### DESCRIPTION OF THE TASK
From the records below, set down exactly the lines starting with the line that contains "An image for a gluten-free gift guide." and going on through the line that contains "NHR Talking Tom". Nothing else is wanted.

### DATA FOR ANALYSIS
========================
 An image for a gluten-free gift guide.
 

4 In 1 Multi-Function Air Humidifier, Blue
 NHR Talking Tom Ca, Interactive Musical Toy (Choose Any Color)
========================
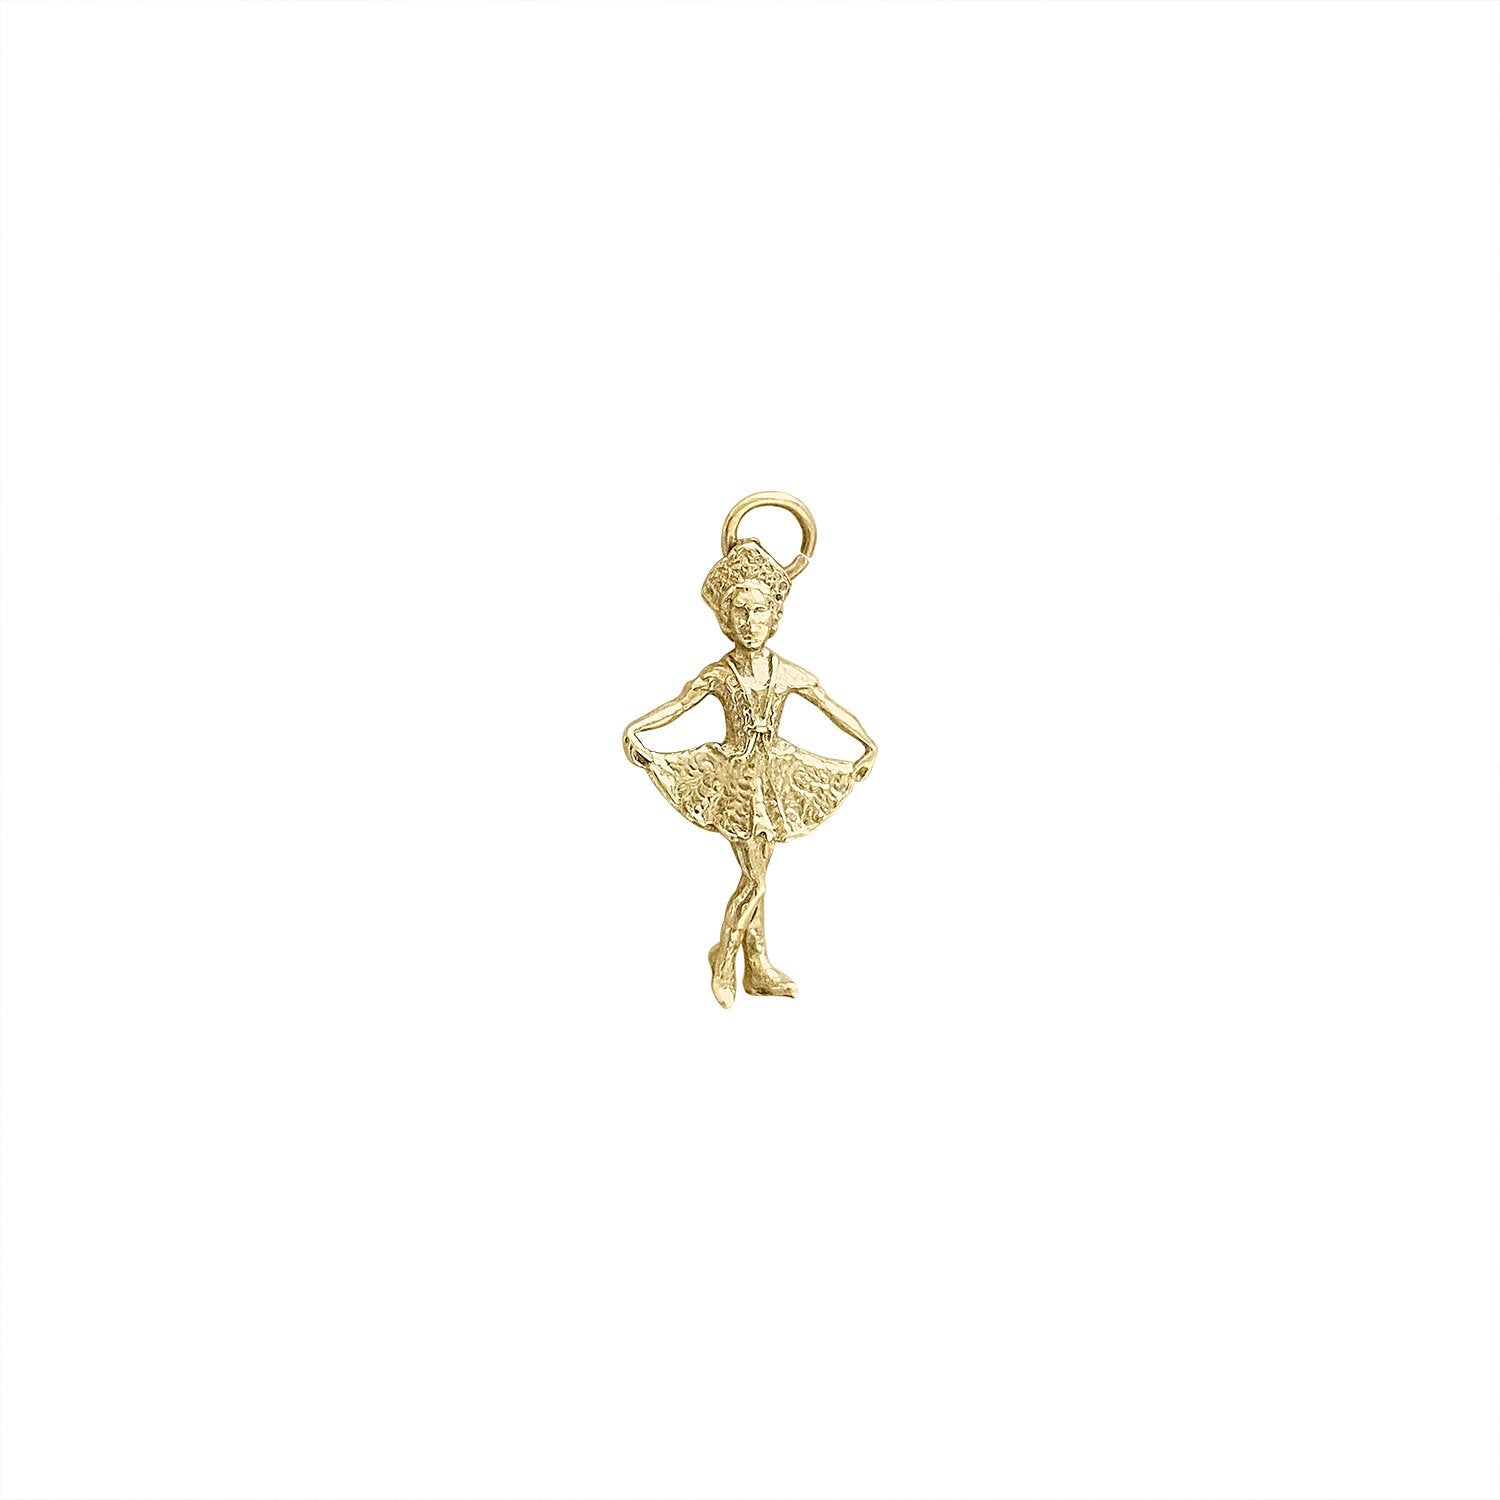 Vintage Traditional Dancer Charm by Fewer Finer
========================
### TASK OUTPUT
 An image for a gluten-free gift guide.
 

4 In 1 Multi-Function Air Humidifier, Blue
 NHR Talking Tom Ca, Interactive Musical Toy (Choose Any Color)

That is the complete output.